Materials provided.
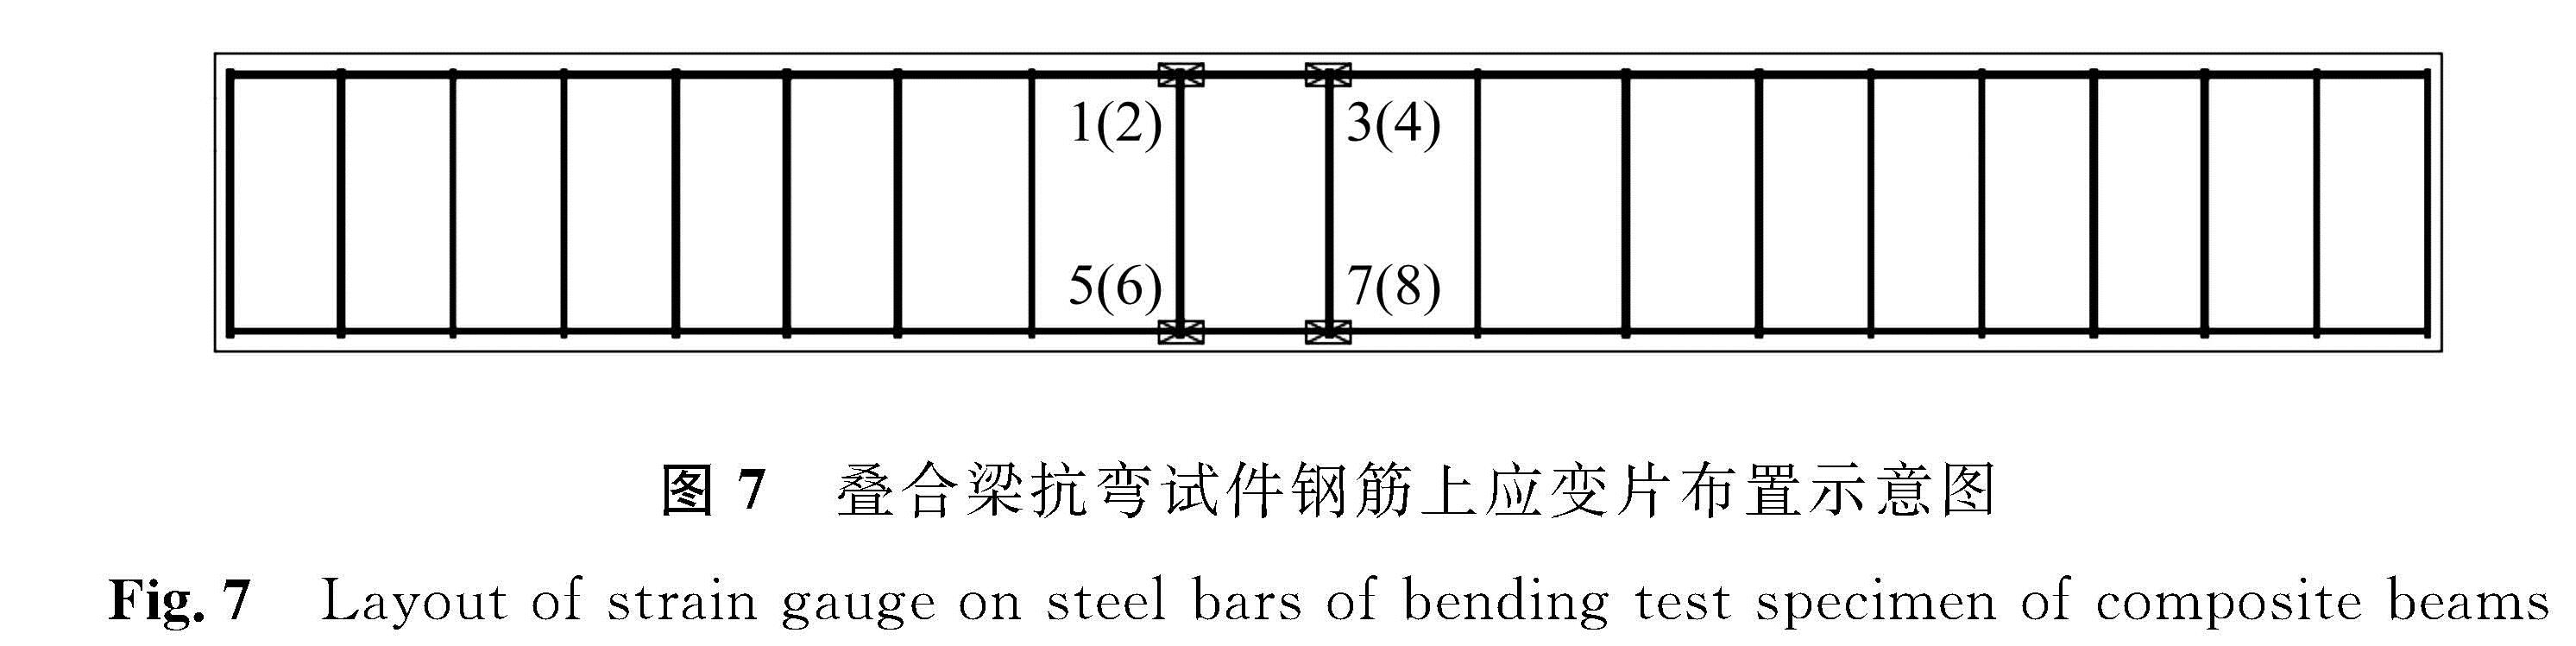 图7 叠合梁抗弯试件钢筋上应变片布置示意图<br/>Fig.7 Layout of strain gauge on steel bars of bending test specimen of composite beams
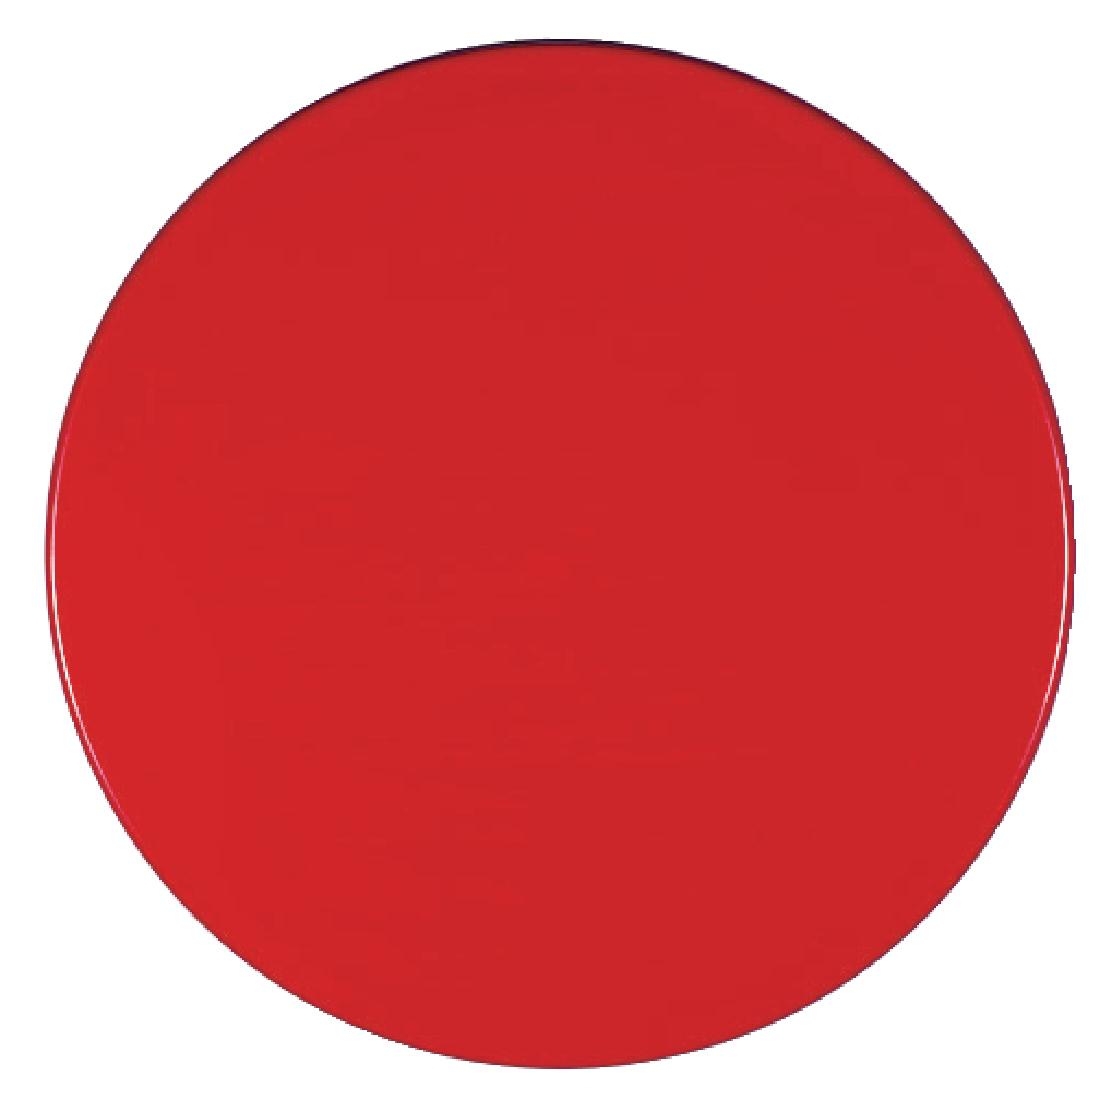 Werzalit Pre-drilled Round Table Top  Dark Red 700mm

* * *

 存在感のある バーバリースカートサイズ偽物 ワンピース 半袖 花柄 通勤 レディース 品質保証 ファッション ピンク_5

Work required. Keep to the lines above from the line with "图7 叠合梁抗弯试件钢筋上应变片布置示意图<br/>Fig.7 Layout" to the line with "Werzalit Pre-drilled Round", and set down exactly those, inclusive, with nothing else and every picture left out.

Answer below.
 图7 叠合梁抗弯试件钢筋上应变片布置示意图<br/>Fig.7 Layout of strain gauge on steel bars of bending test specimen of composite beams
 Werzalit Pre-drilled Round Table Top  Dark Red 700mm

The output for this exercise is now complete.